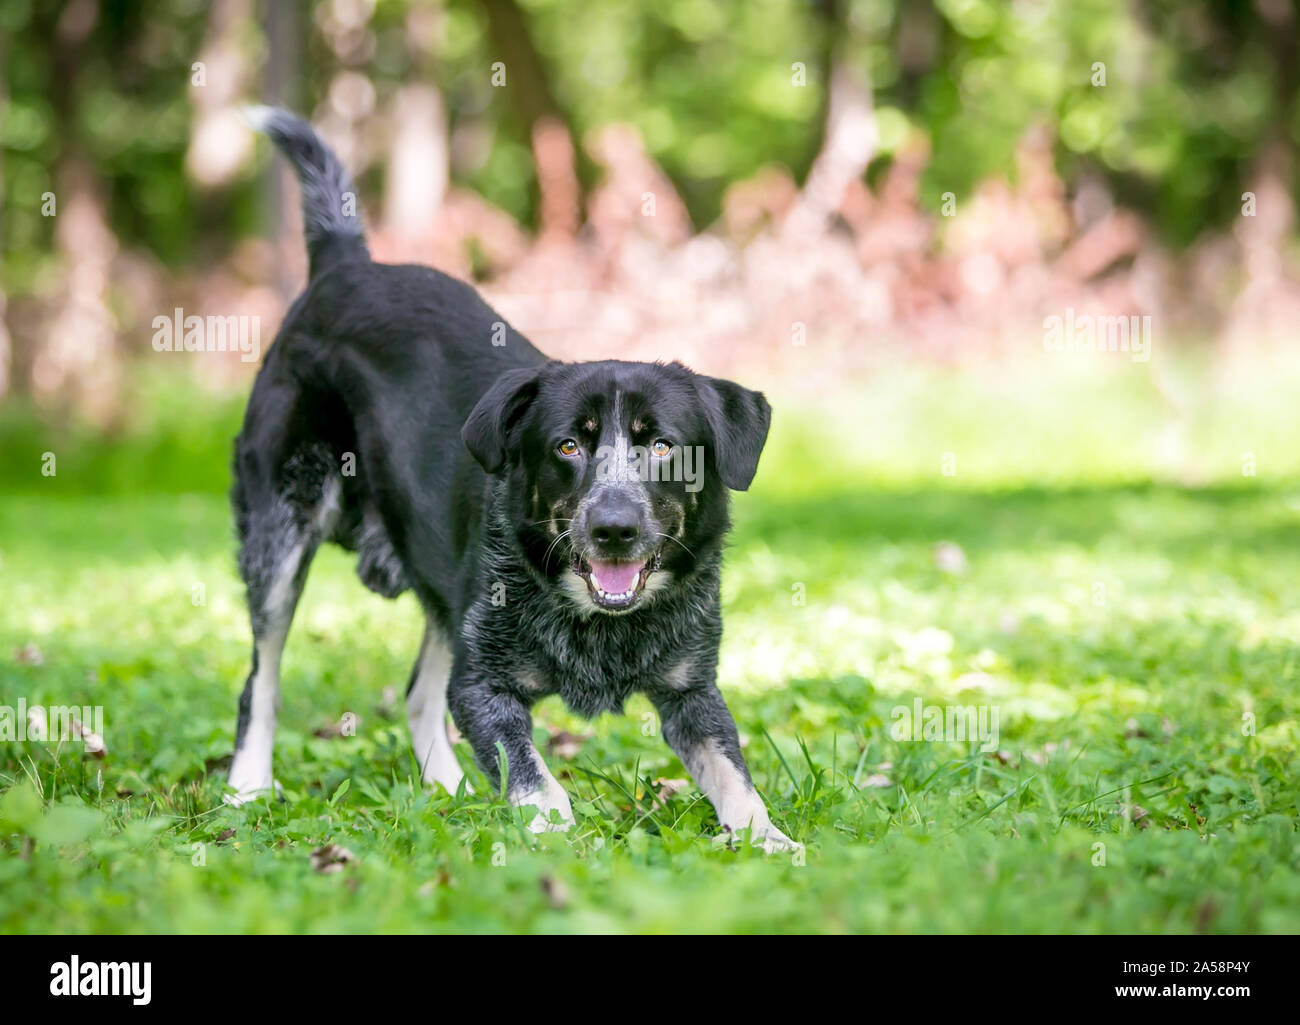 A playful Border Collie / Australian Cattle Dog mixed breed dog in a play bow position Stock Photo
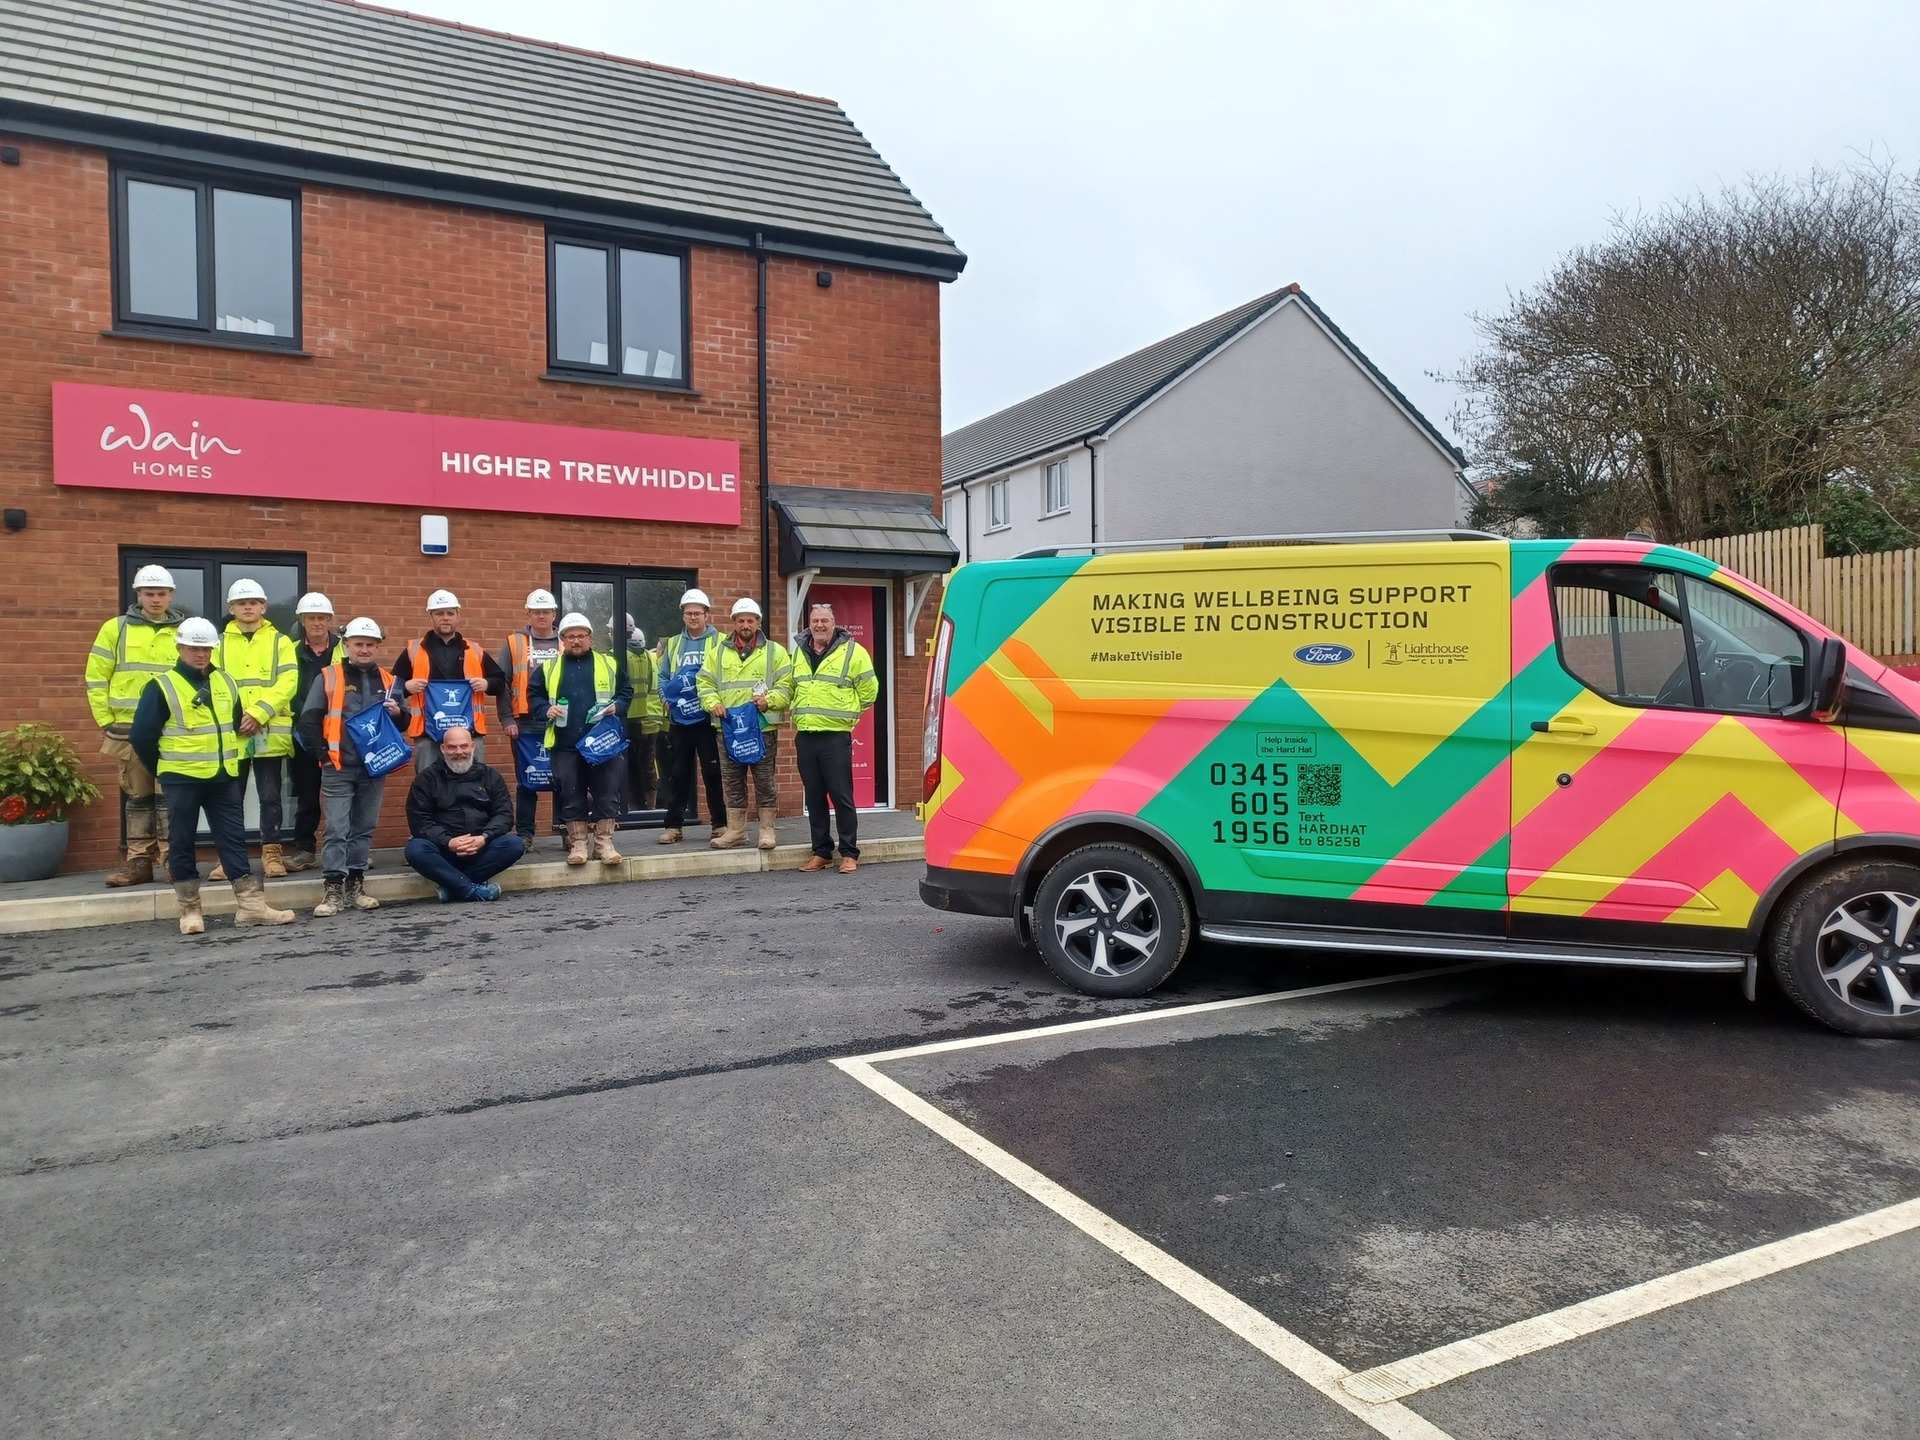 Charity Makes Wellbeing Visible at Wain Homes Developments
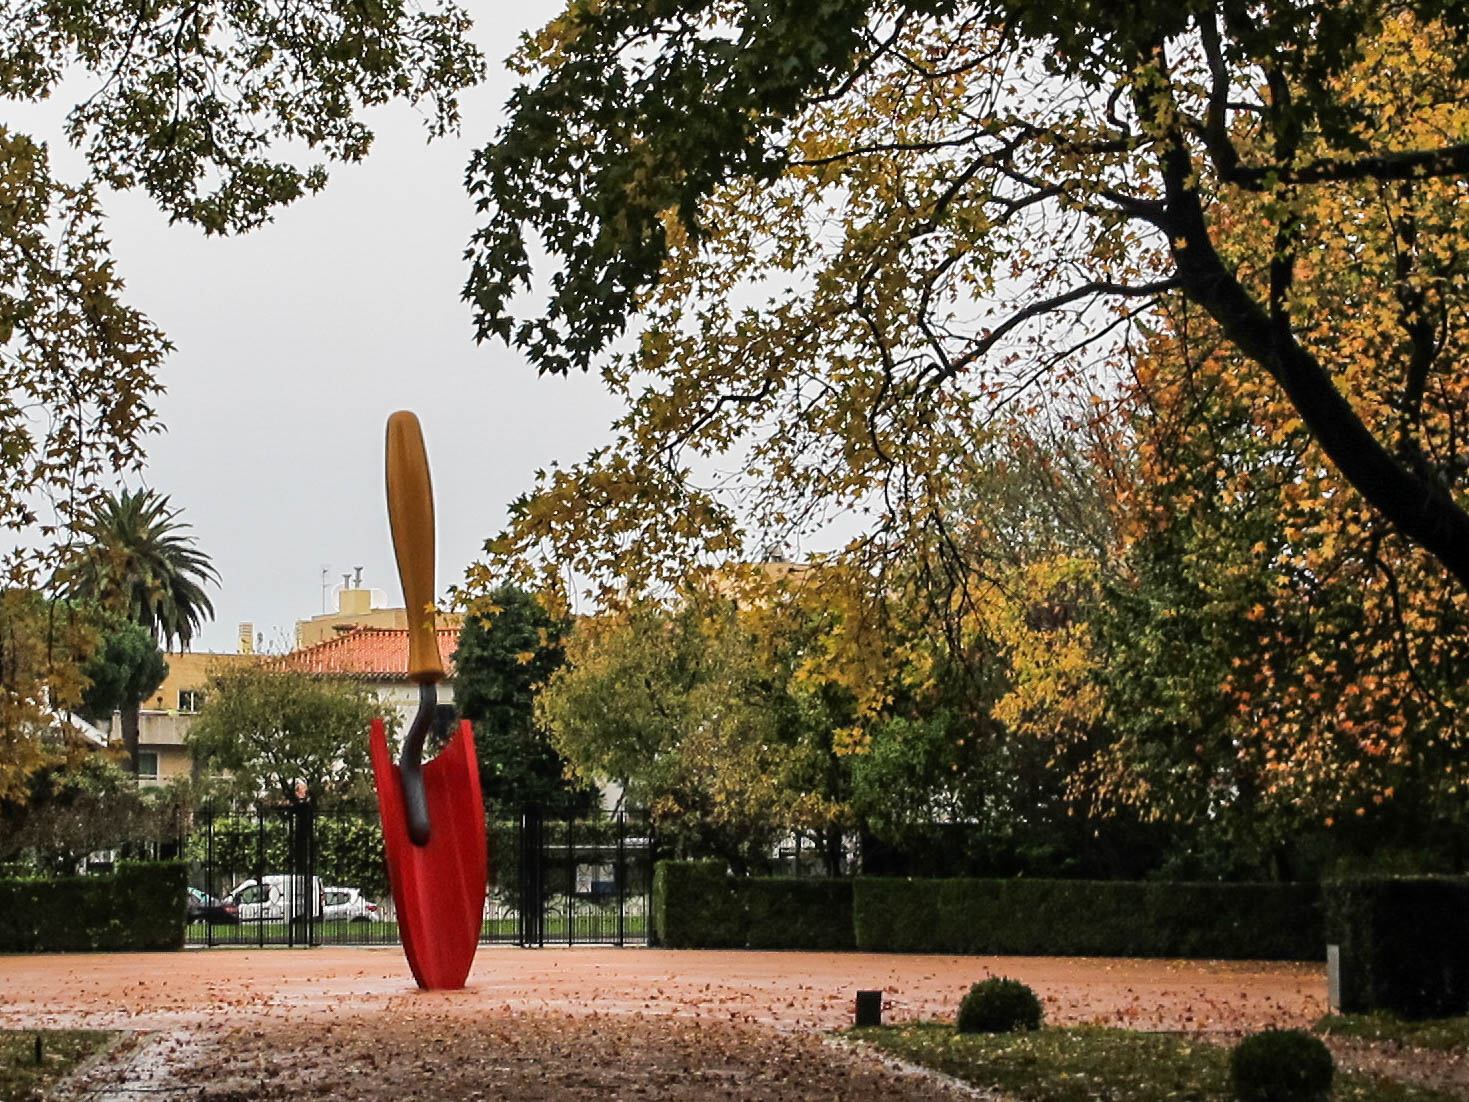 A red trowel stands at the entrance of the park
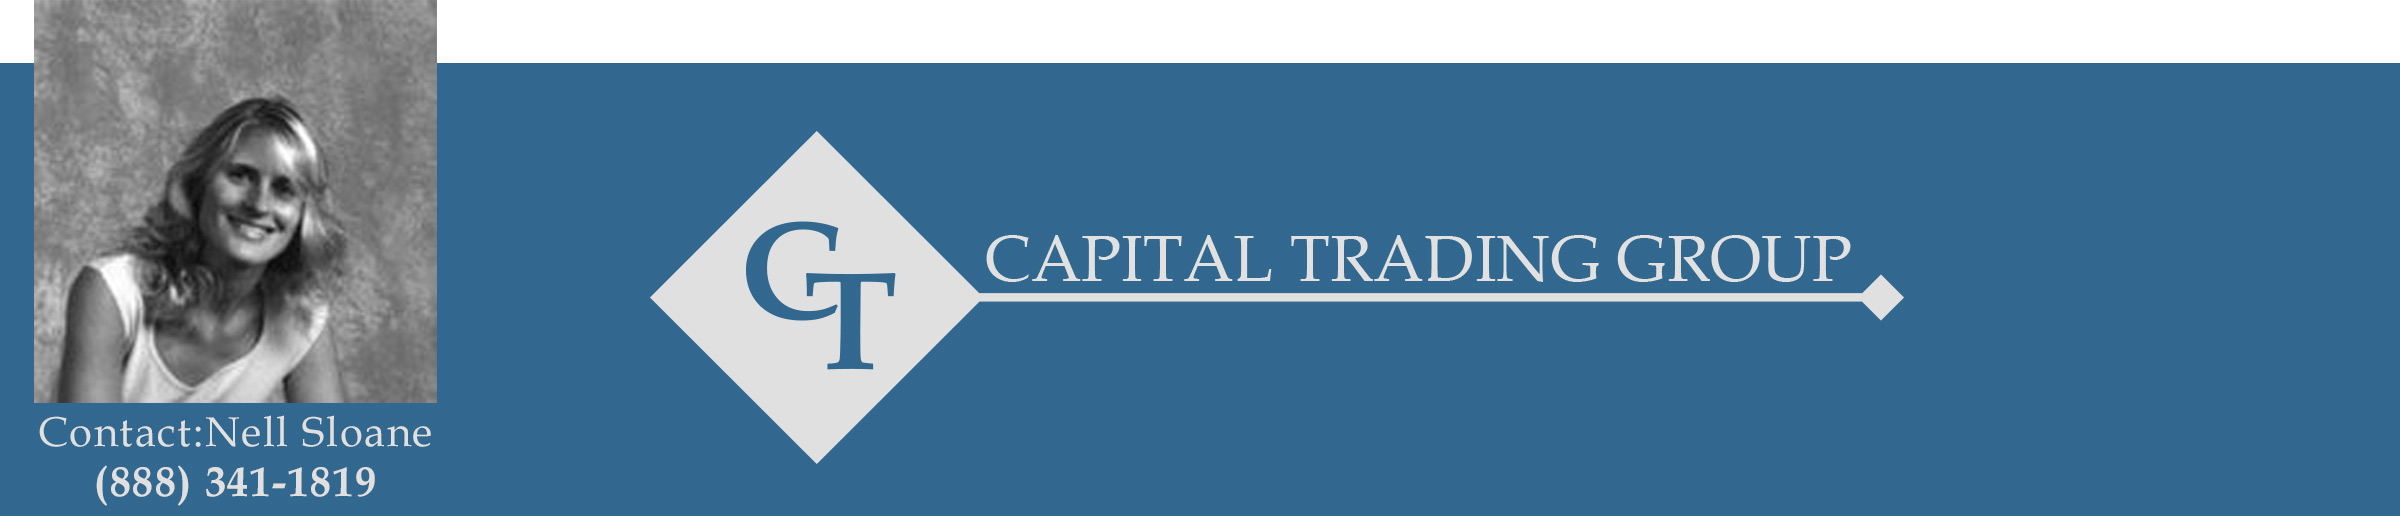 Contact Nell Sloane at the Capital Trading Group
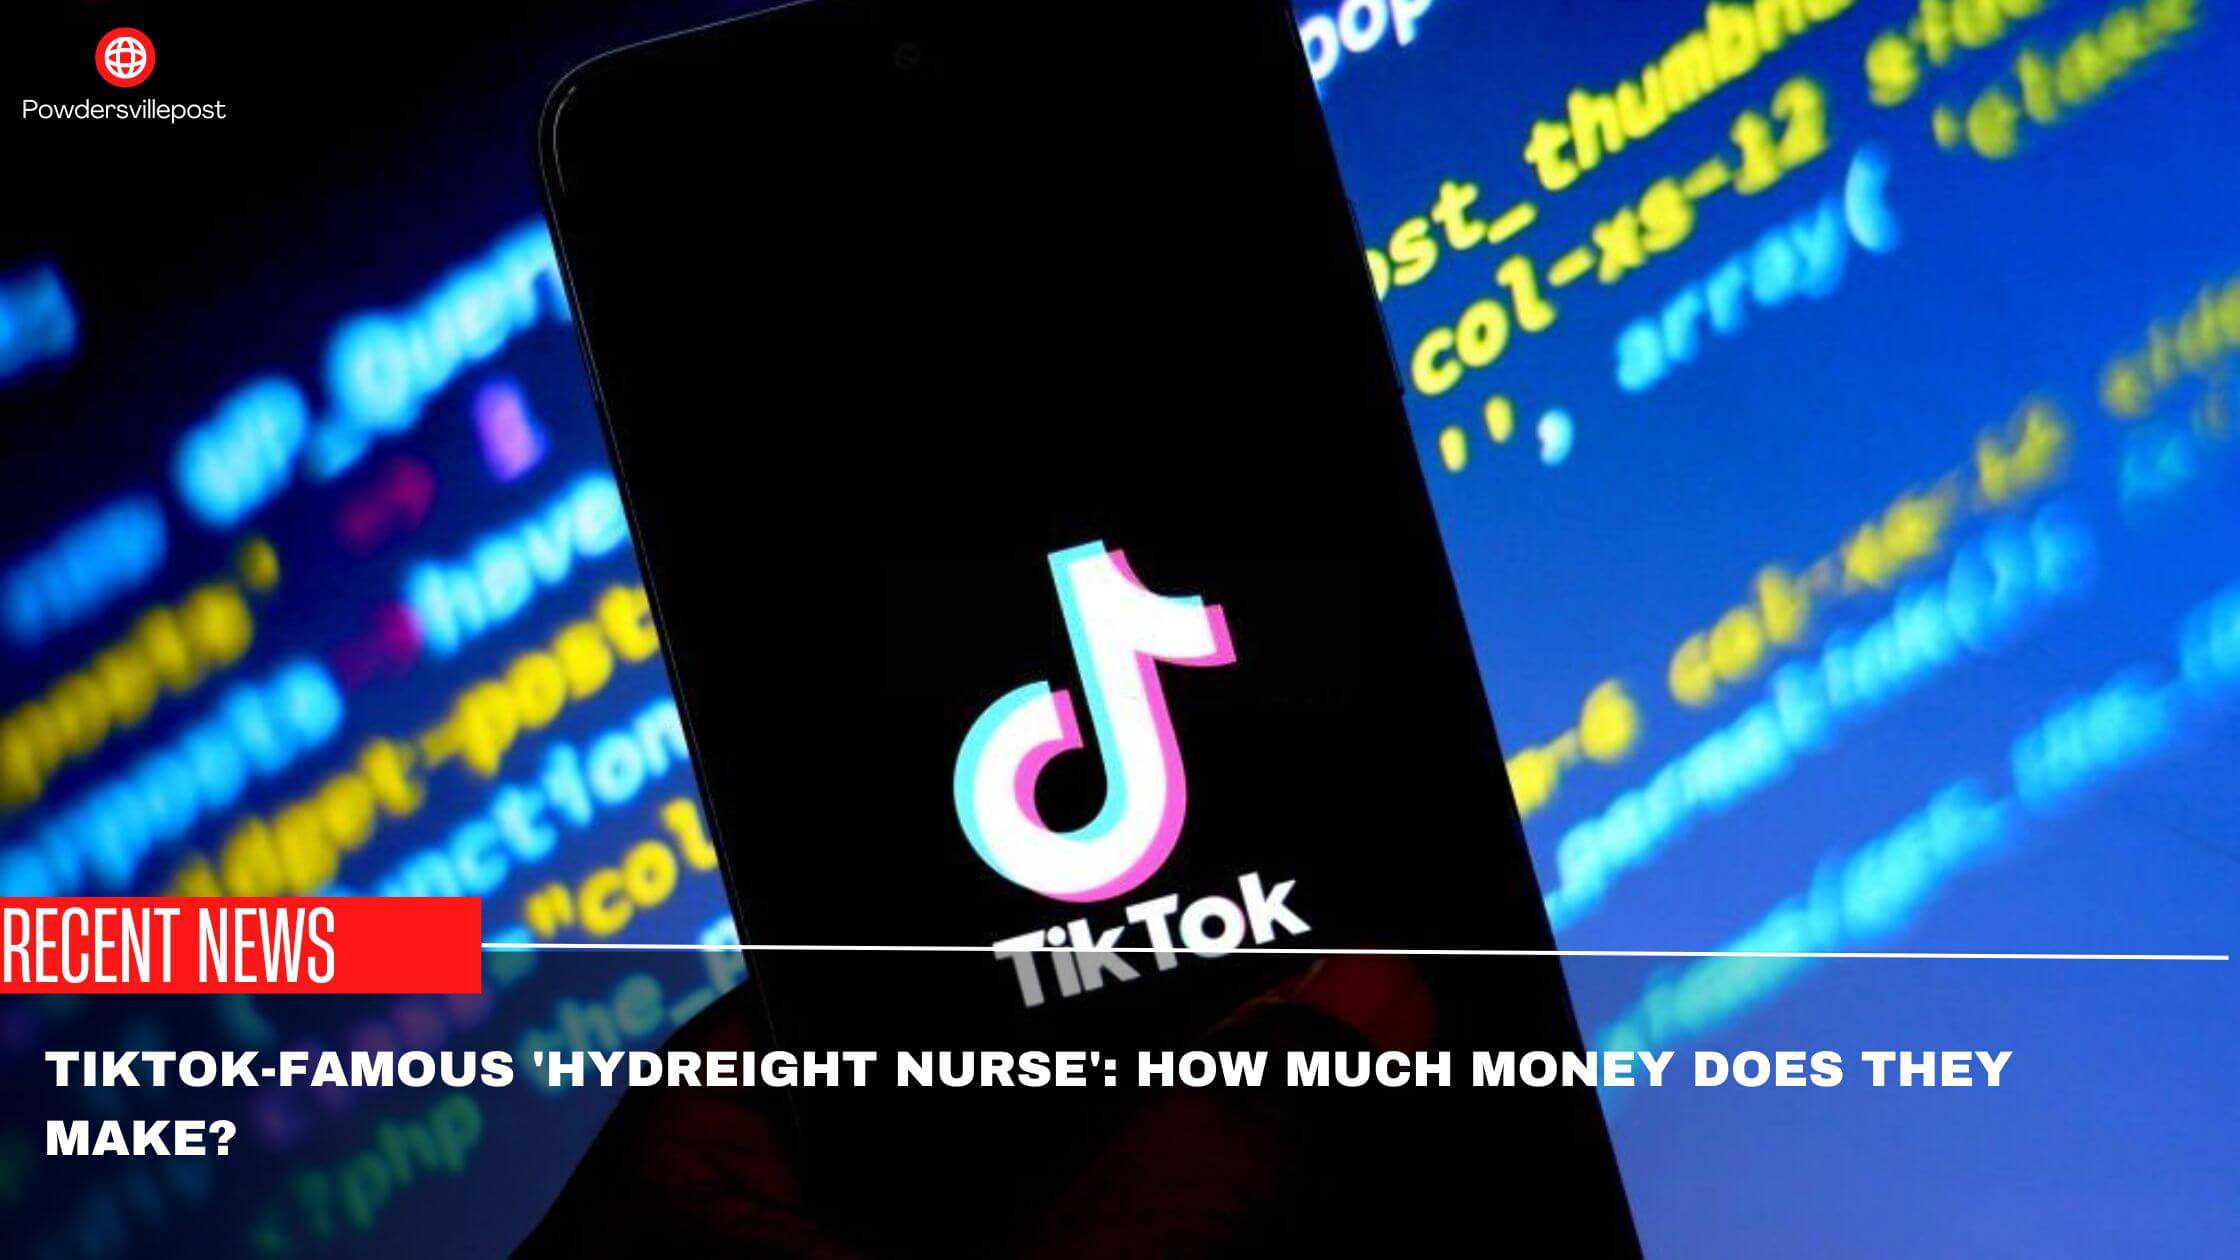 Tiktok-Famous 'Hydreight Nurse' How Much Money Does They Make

=====

### Task to carry out:
Your answer should be the lines above from the one that contains "Charity Makes Wellbeing" through the last, set down exactly, with the pictures removed.

### Answer to the exercise:
 Charity Makes Wellbeing Visible at Wain Homes Developments
 A red trowel stands at the entrance of the park
 Contact Nell Sloane at the Capital Trading Group
 Tiktok-Famous 'Hydreight Nurse' How Much Money Does They Make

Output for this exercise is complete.